Chicago PMI and Marginal Growth
I normally do everything I can to avoid sentiment surveys, like the Chicago PMI (the Chicago Business Barometer to be specific), because they really are misleading without exact context. However, any large move like the one in July should bring at least some interest since outlier events are often the most informative. What may be important is not necessarily the huge collapse but the implications of that in how closely it resembles a chart I showed yesterday:
It’s not clear if the Chicago index is tracking inventories before or after the massive and unsettling revisions, but it doesn’t really matter since trends are what we are after. If there was an actual inventory buildup in 2014 (revised estimates), rather than the massive wave of 2013 (prior estimates), then such a steep decline might (and I stress might) indicate ultimate saturation. That would be all the more plausible if consumption and end demand of goods were less than desirable, and thus less than indicated by GDP (but not actual retail sales and other private figures of retailing), which weren’t exactly robust in historical context.
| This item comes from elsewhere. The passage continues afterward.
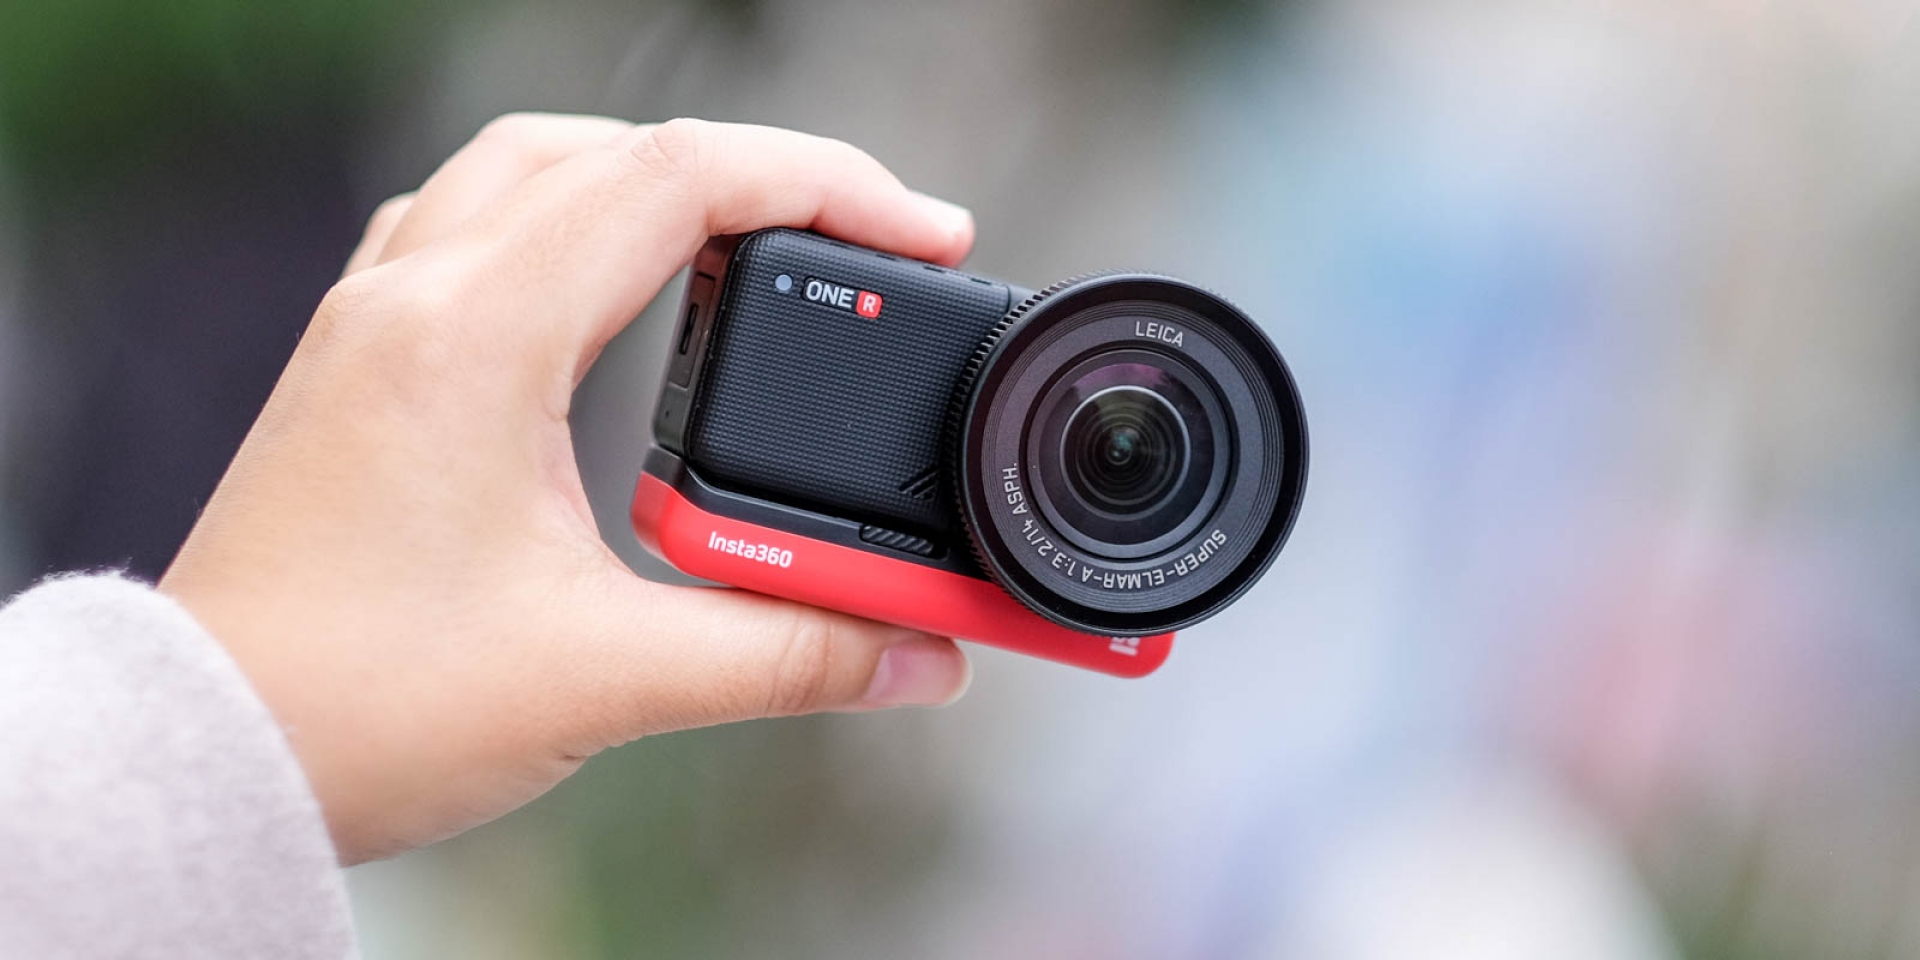 夜拍超強悍、全景創作無極限!Insta360 One R Leica 1英吋鏡頭、360鏡頭實測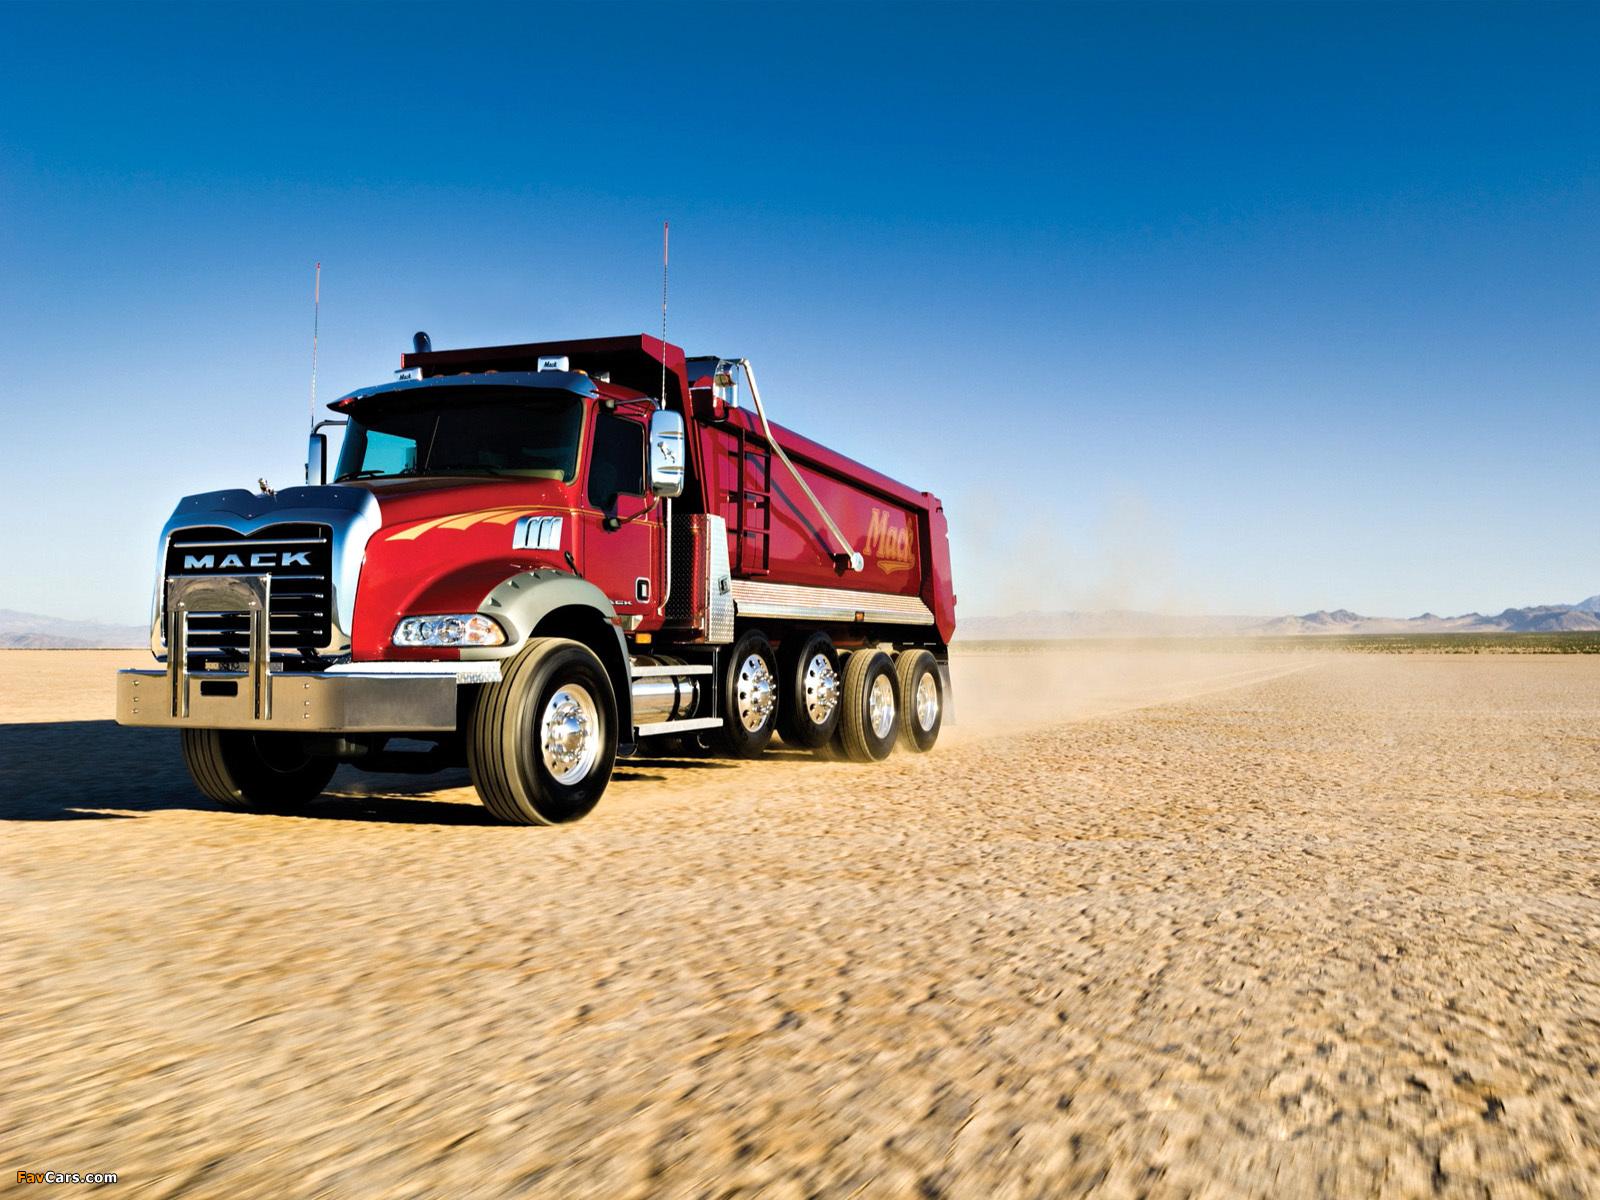 Mack Granite 6x4 Dump Truck 2002 pictures (1600 x 1200)

In other words, the possibility is raised that another inventory cycle, led by persistent optimism of end demand that never actually arrives, is closing in on its actual end. Given that the current mini-cycle dates back to the middle of 2013 (shown in both the GDP-inventory data and the Chicago PMI) that is nothing good for an economy, at least as pictured by GDP, that has been marginally attracted to inventory above all else.
To reiterate, this is a sentiment survey so I don’t place much emphasis on it. But it is intriguing to say the least. It certainly matches up with the growing deficiency in capital goods, so we will have to see if this is replicated broadly elsewhere.